Example 5-18 Enable KSM in PowerKVM
# cat /sys/kernel/mm/ksm/run
0
# echo 1 > /sys/kernel/mm/ksm/run
# cat /sys/kernel/mm/ksm/run
1
Monitoring KSM
To monitor the pages being merged by KSM, check the /sys/kernel/mm/ksm files. The subsections that follow explain some of the status files.
Pages shared
The /sys/kernel/mm/ksm/pages_shared file shows how many merged pages exist in the system. Example 5-19 shows that 2976 pages are shared by two or more virtual machines in the system.
Example 5-19 Amount of pages shared in the hypervisor
# cat/sys/kernel/mm/ksm/page_shared
2976
Pages sharing
The /sys/kernel/mm/ksm/pages_sharing file shows how many pages on the virtual machines are using a page that is shared and merged in the hypervisor. Example 5-20 shows the number of pages in the virtual machines that are linked to a shared page in the hypervisor.

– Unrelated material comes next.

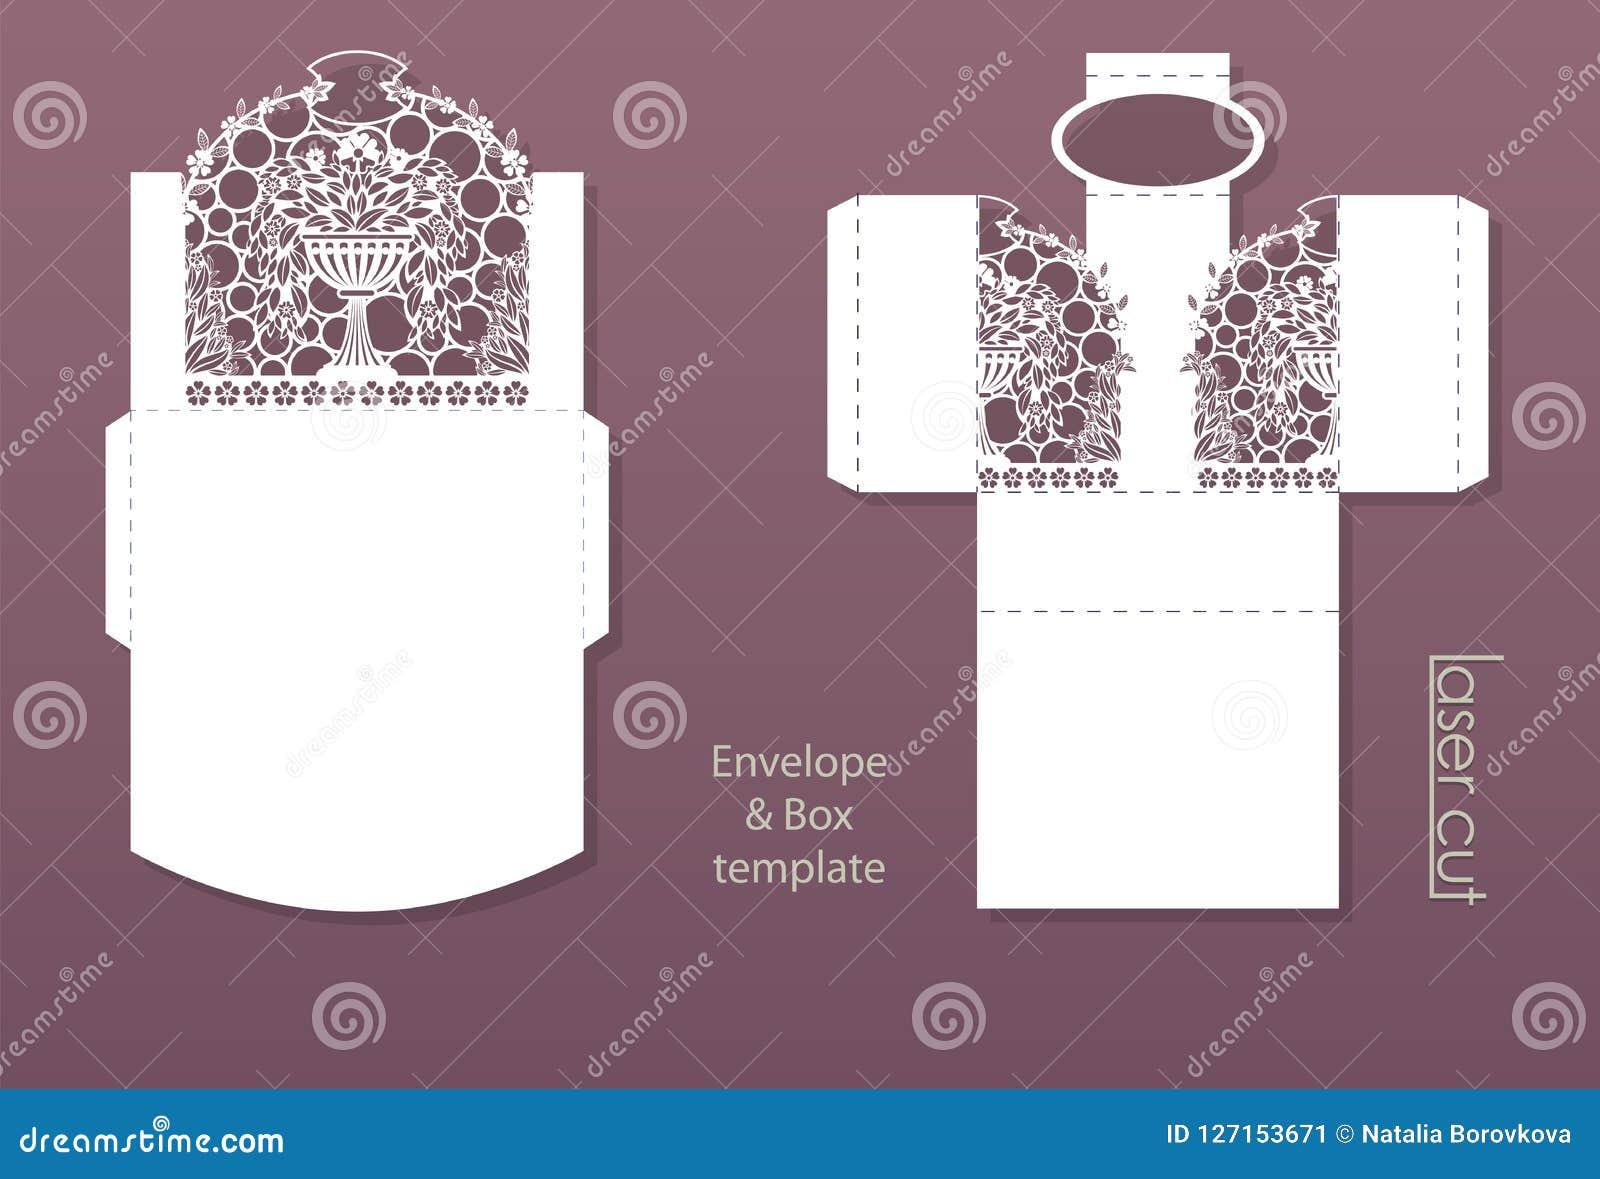 laser cut pattern envelope design for invitation cards flowerpot
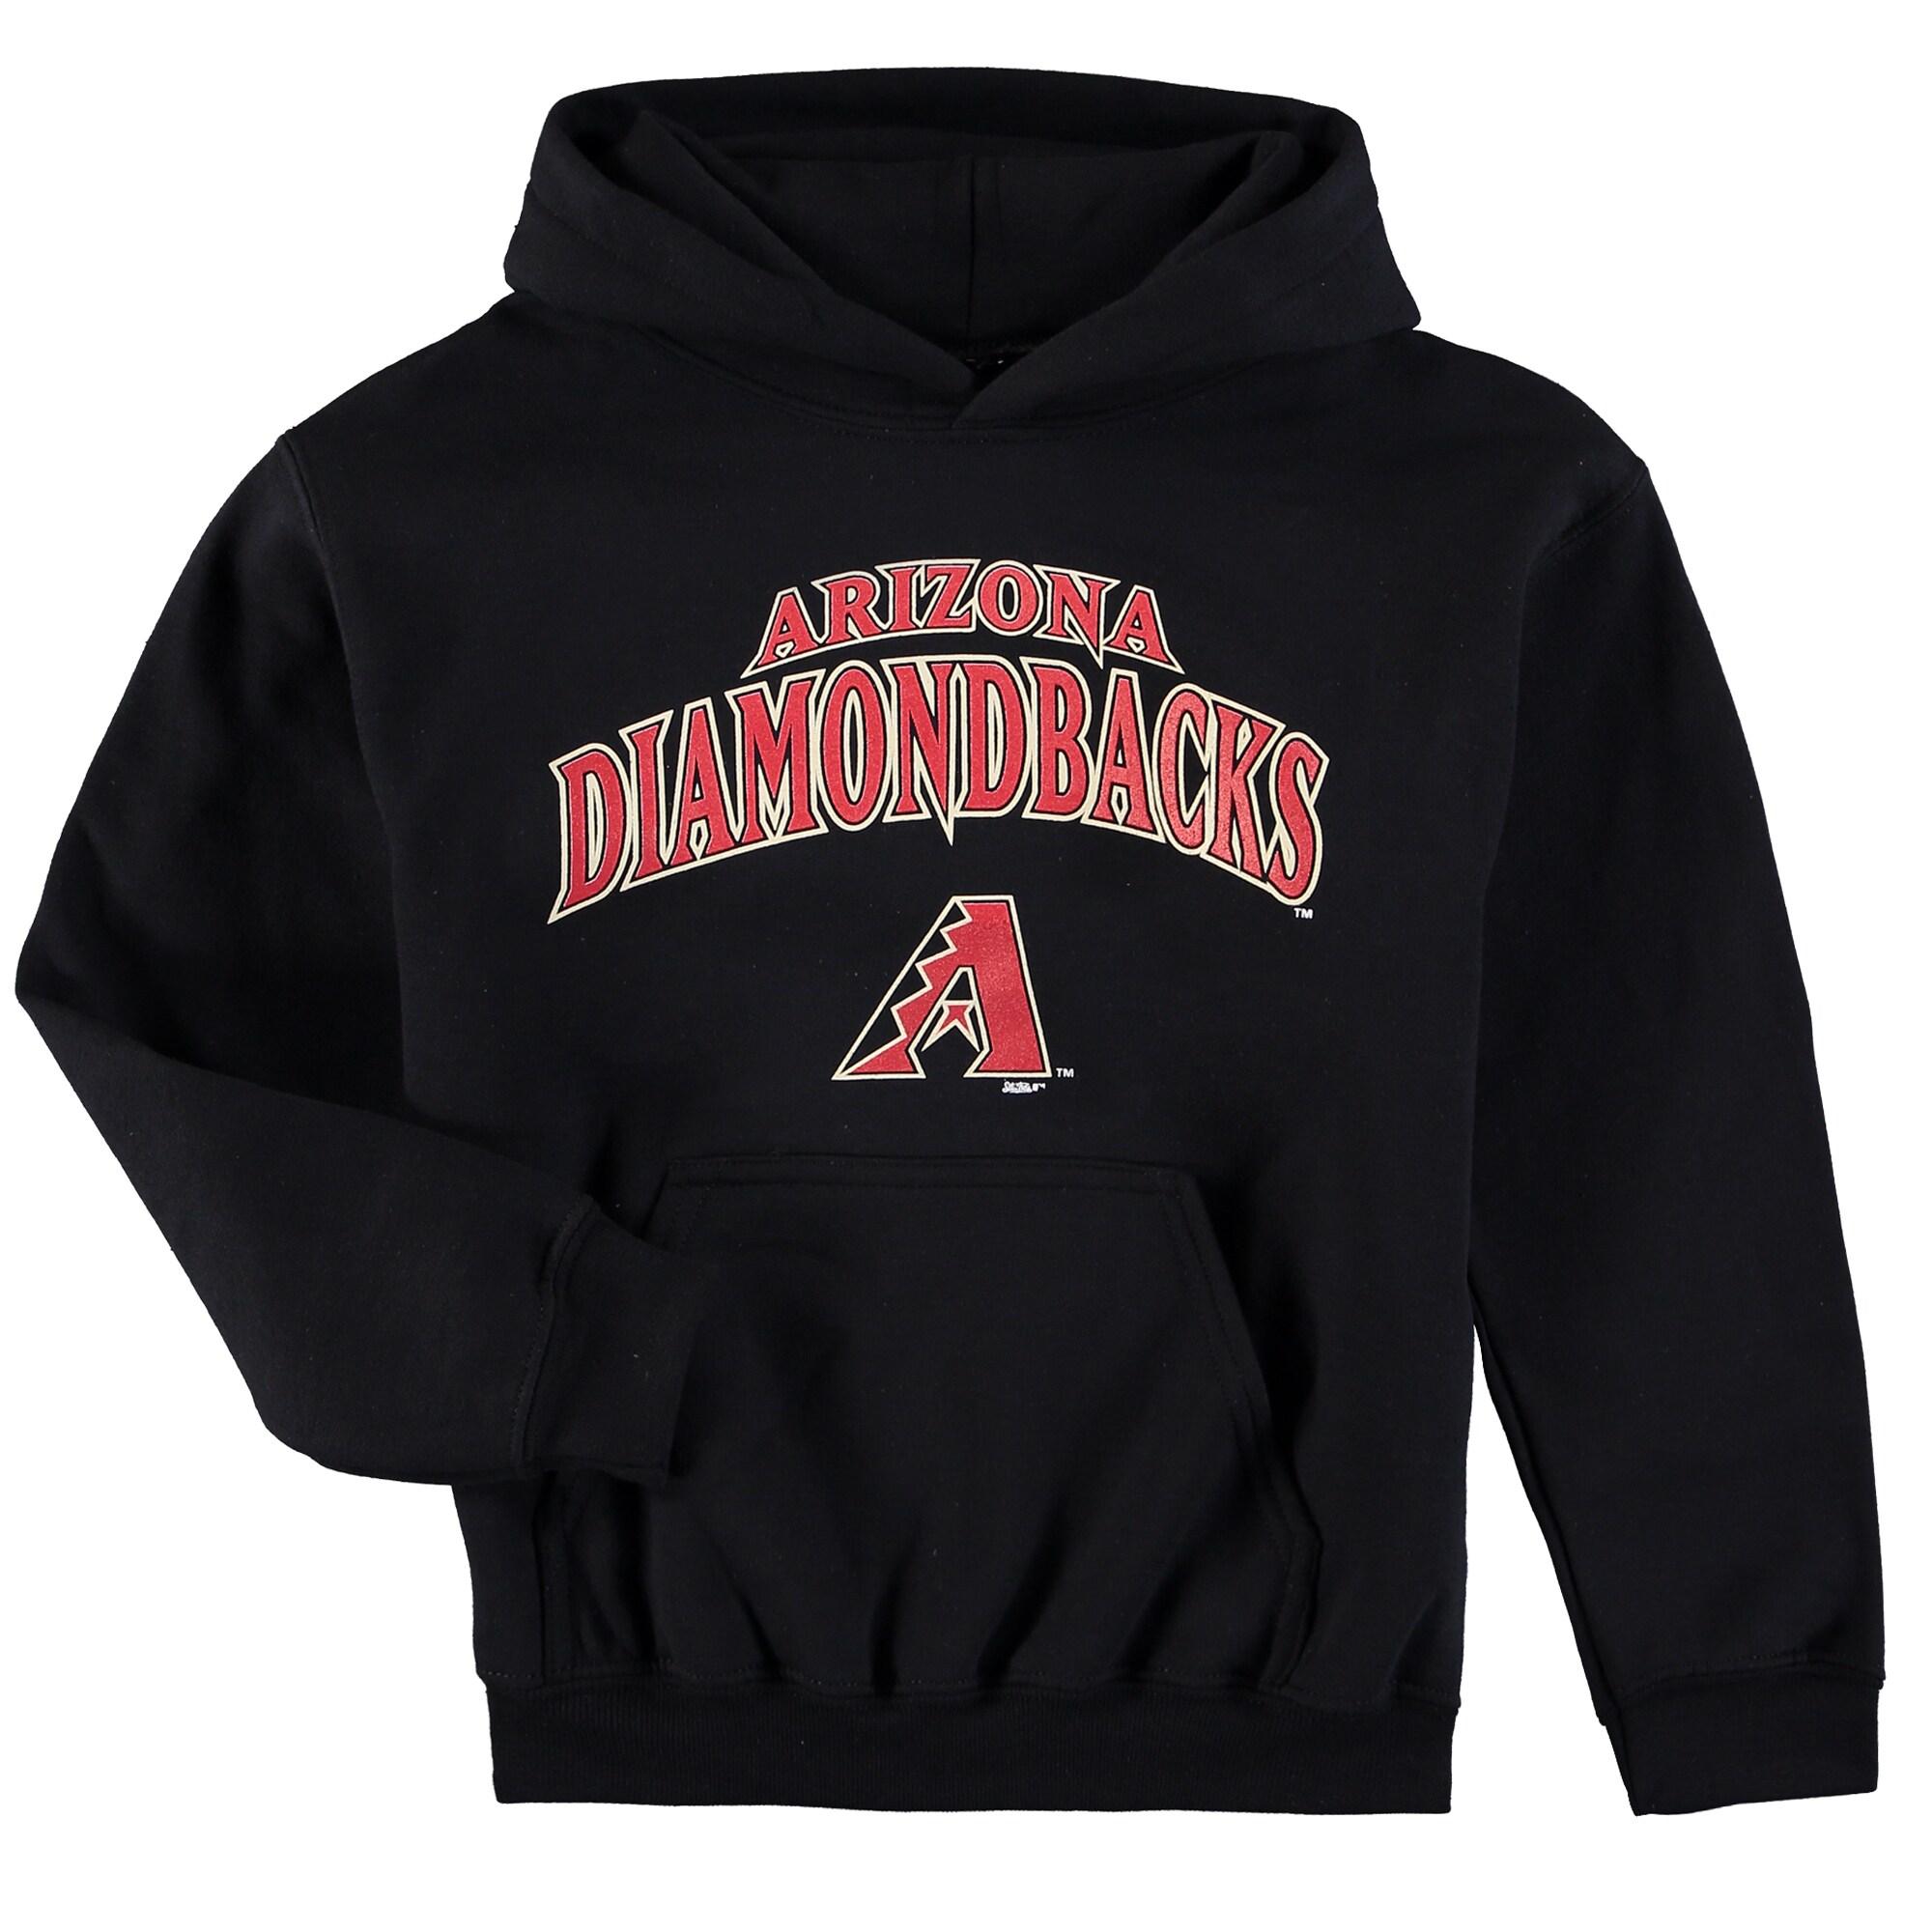 Arizona Diamondbacks Stitches Youth Team Fleece Pullover Hoodie - Black

Example 5-20 Number of pages that are linked to a shared page
# cat/sys/kernel/mm/ksm/page_sharing
6824
Looking at both of the previous examples, you see that 6824 virtual pages are using 2976 physical pages, which means that 2848 pages are saved. Considering 64 KB pages, this means that approximately 246 MB of memory was saved by using this feature.
There are some other monitoring options for KSM, as shown in the following table.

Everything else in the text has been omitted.